◆ ASSIGNED TASK: Print the listing exactly as it stands, and skip any pictures in it.

◆ DATA SECTION:
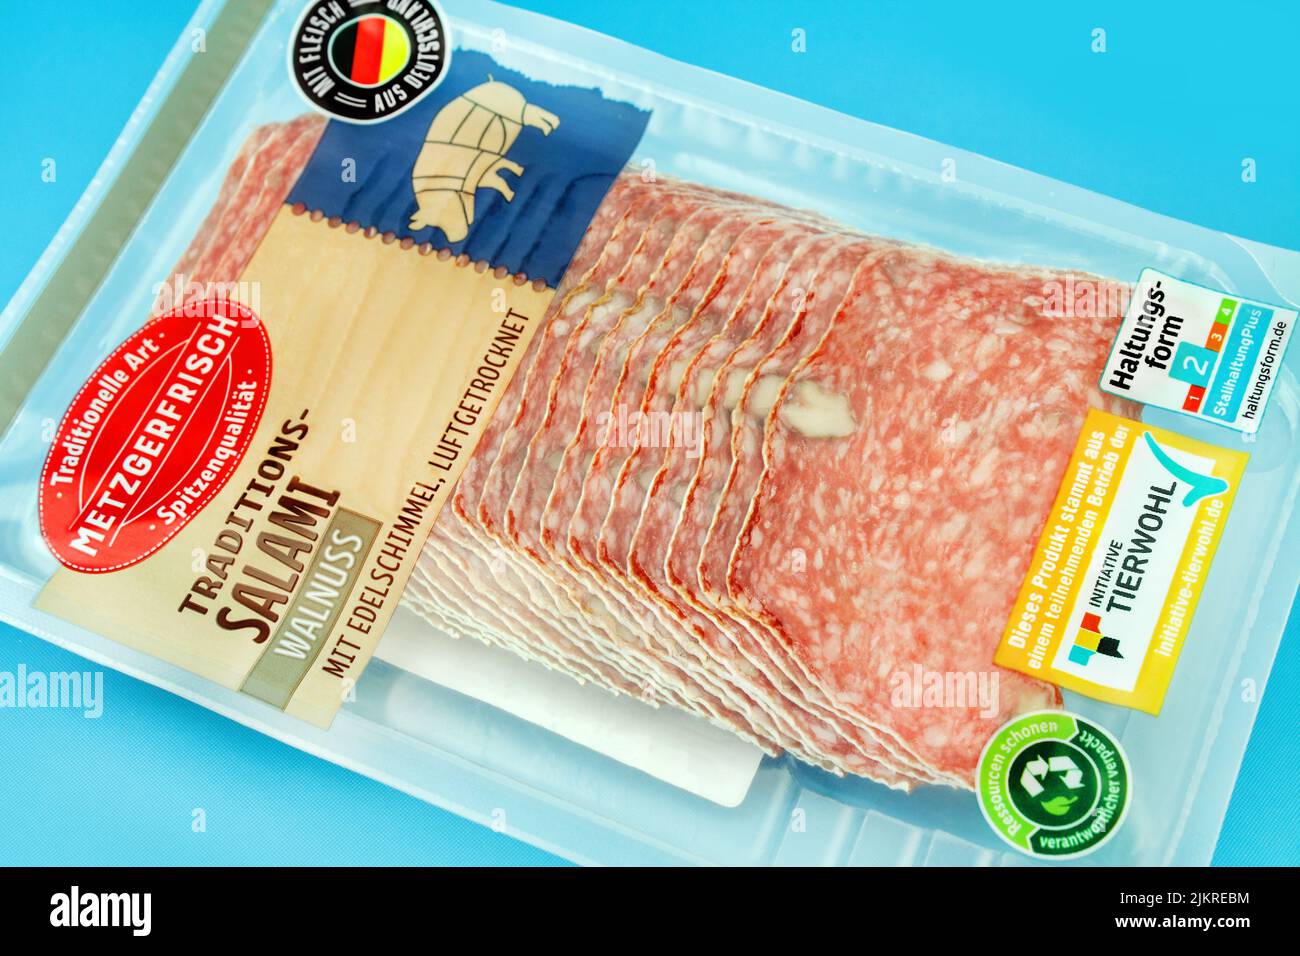 Walnuss Salami aus Deutschland von Metzgerfrisch mit Tierwohl Label Foto de stock
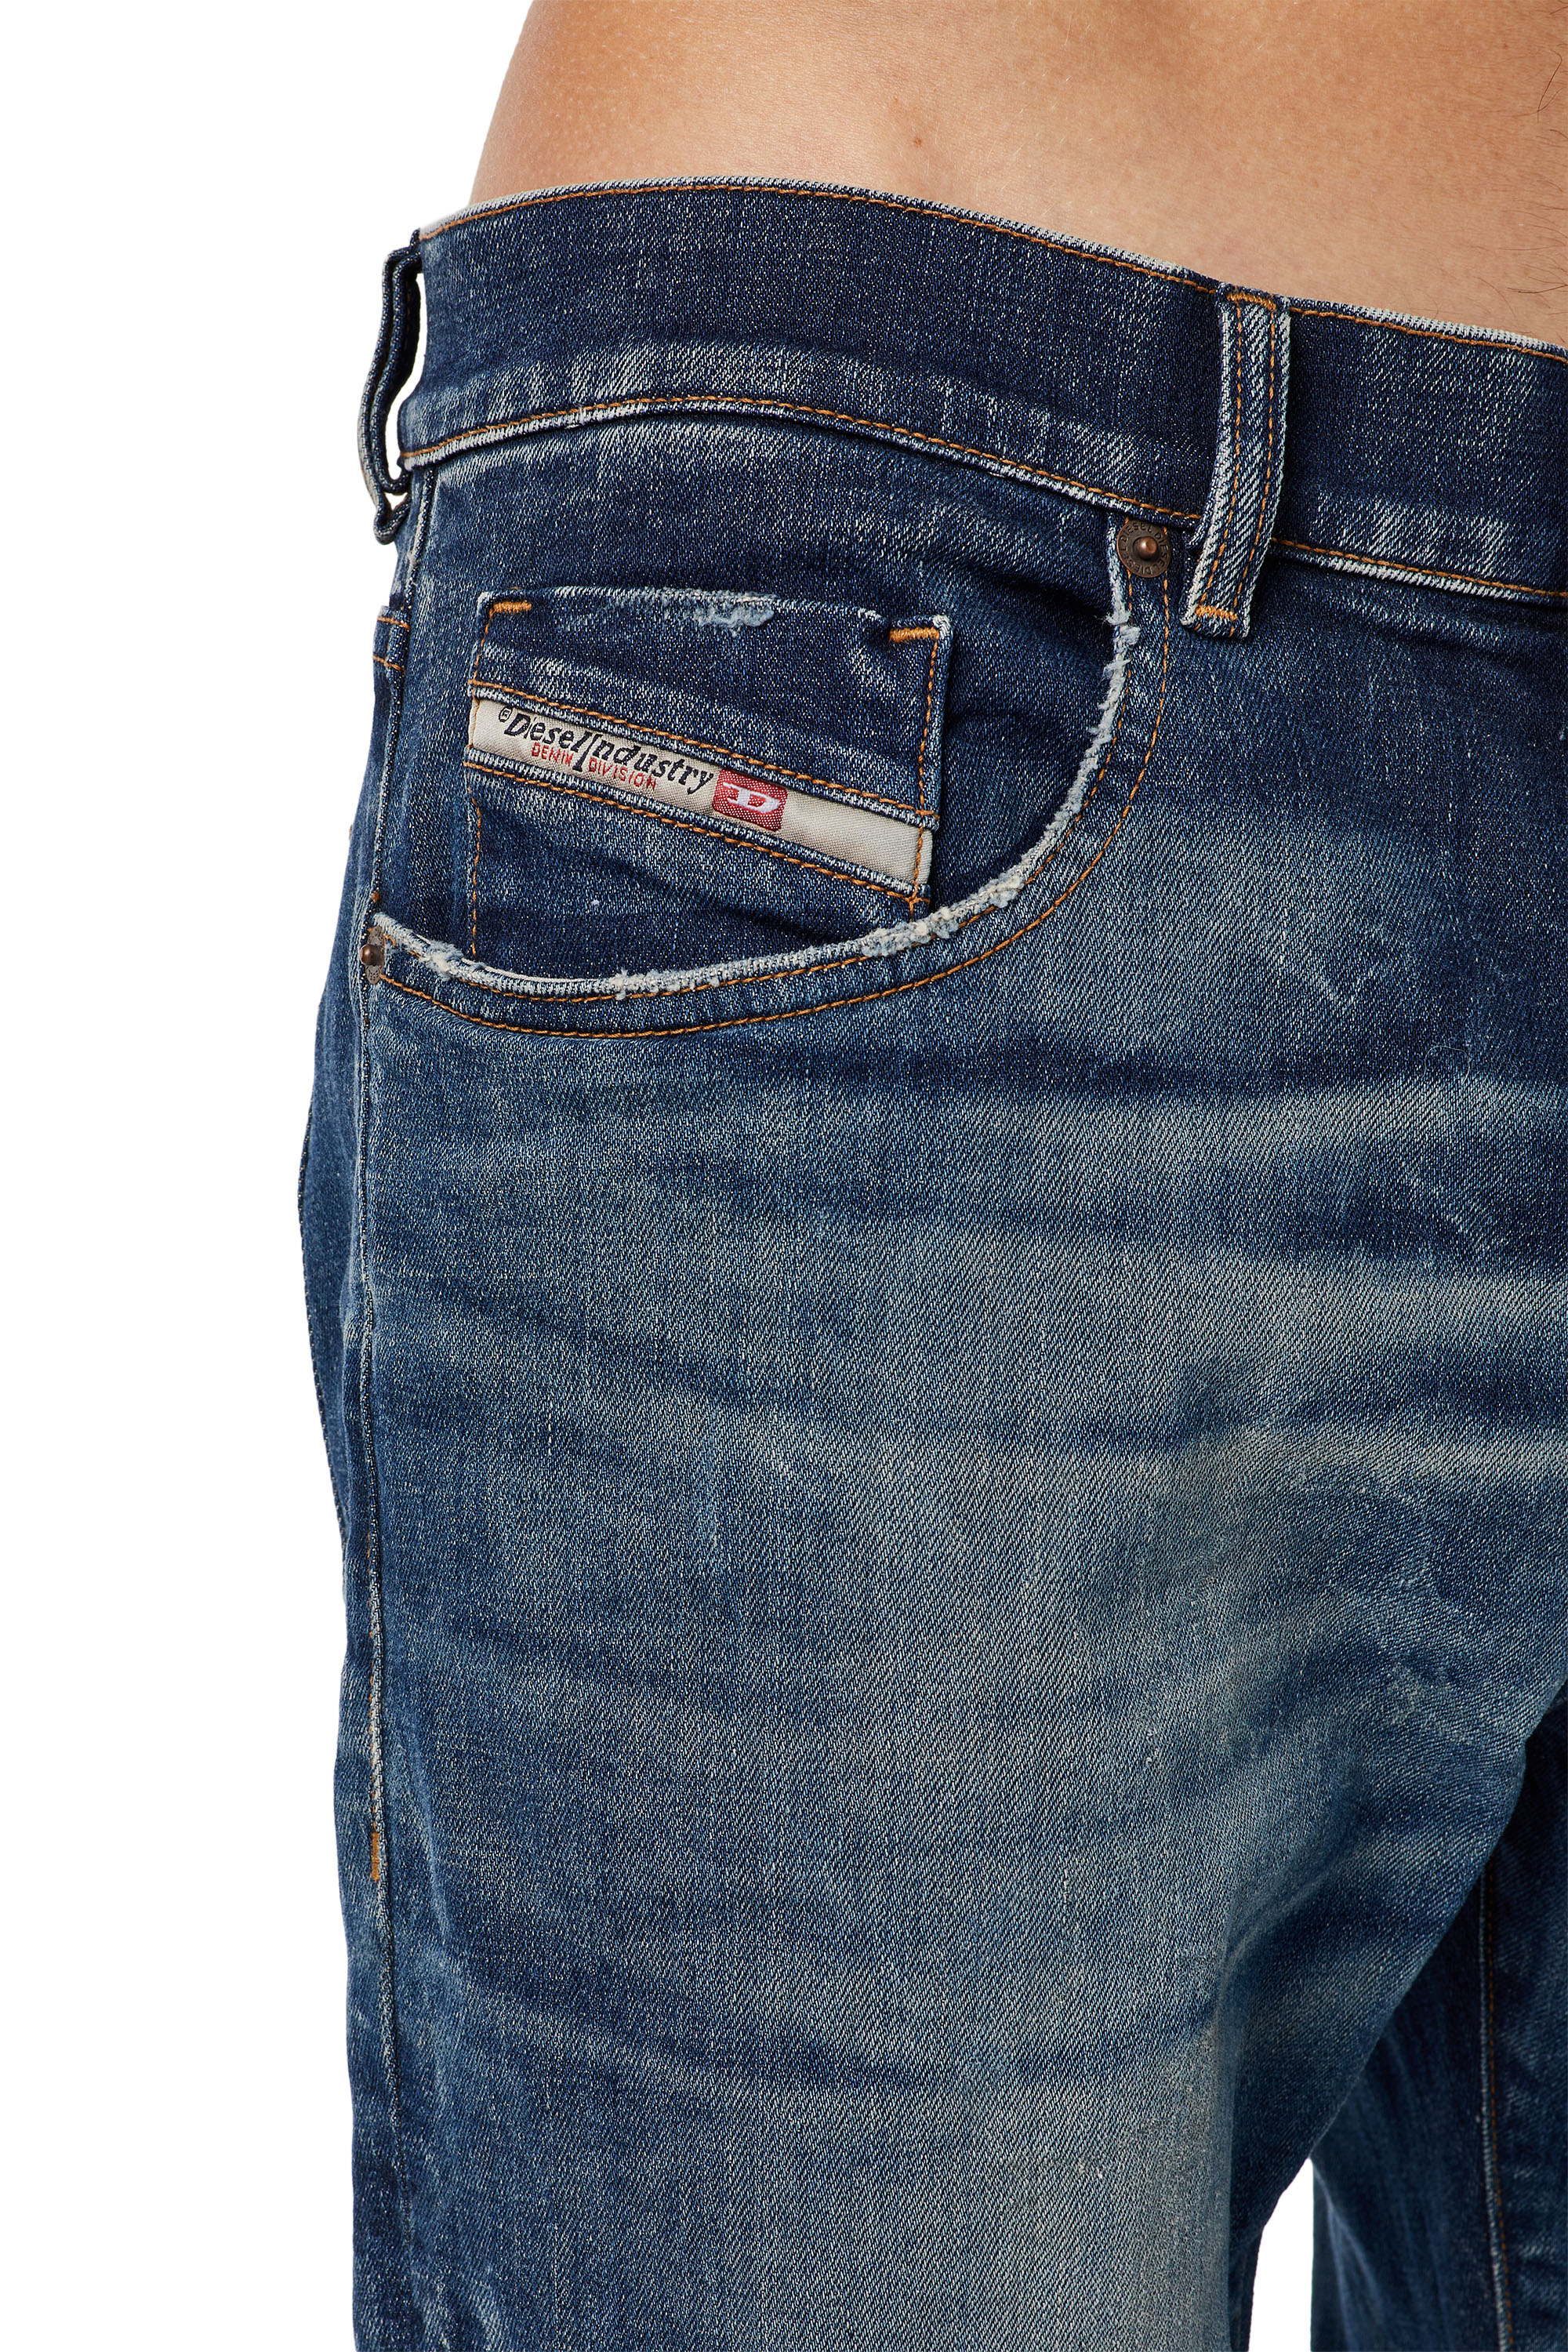 Men's Jeans: Skinny, Slim, Straight, Bootcut | Diesel
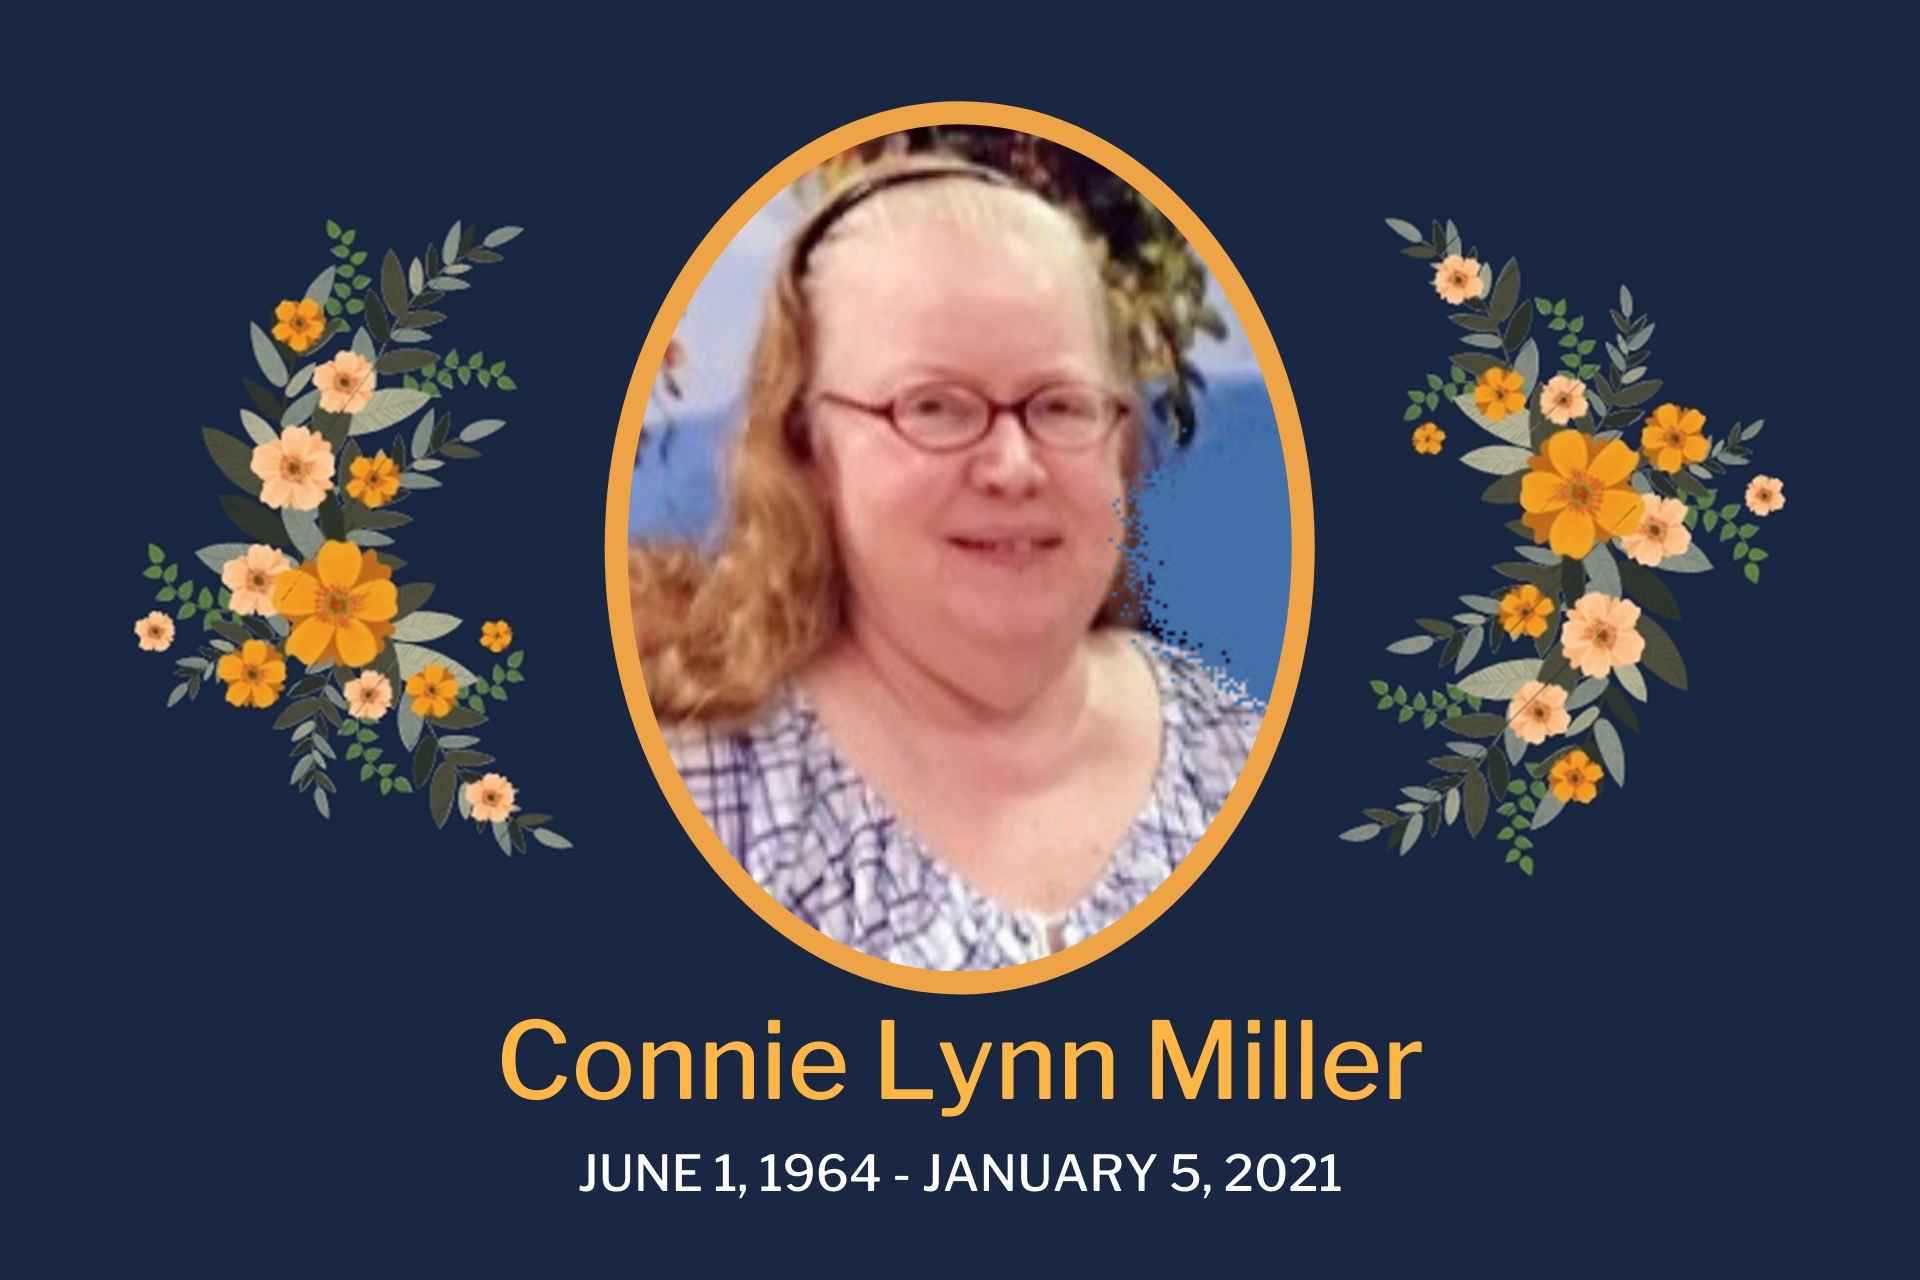 Connie Lynn Miller

◆ RESULT:
 Walnuss Salami aus Deutschland von Metzgerfrisch mit Tierwohl Label Foto de stock
 Men's Jeans: Skinny, Slim, Straight, Bootcut | Diesel
 Connie Lynn Miller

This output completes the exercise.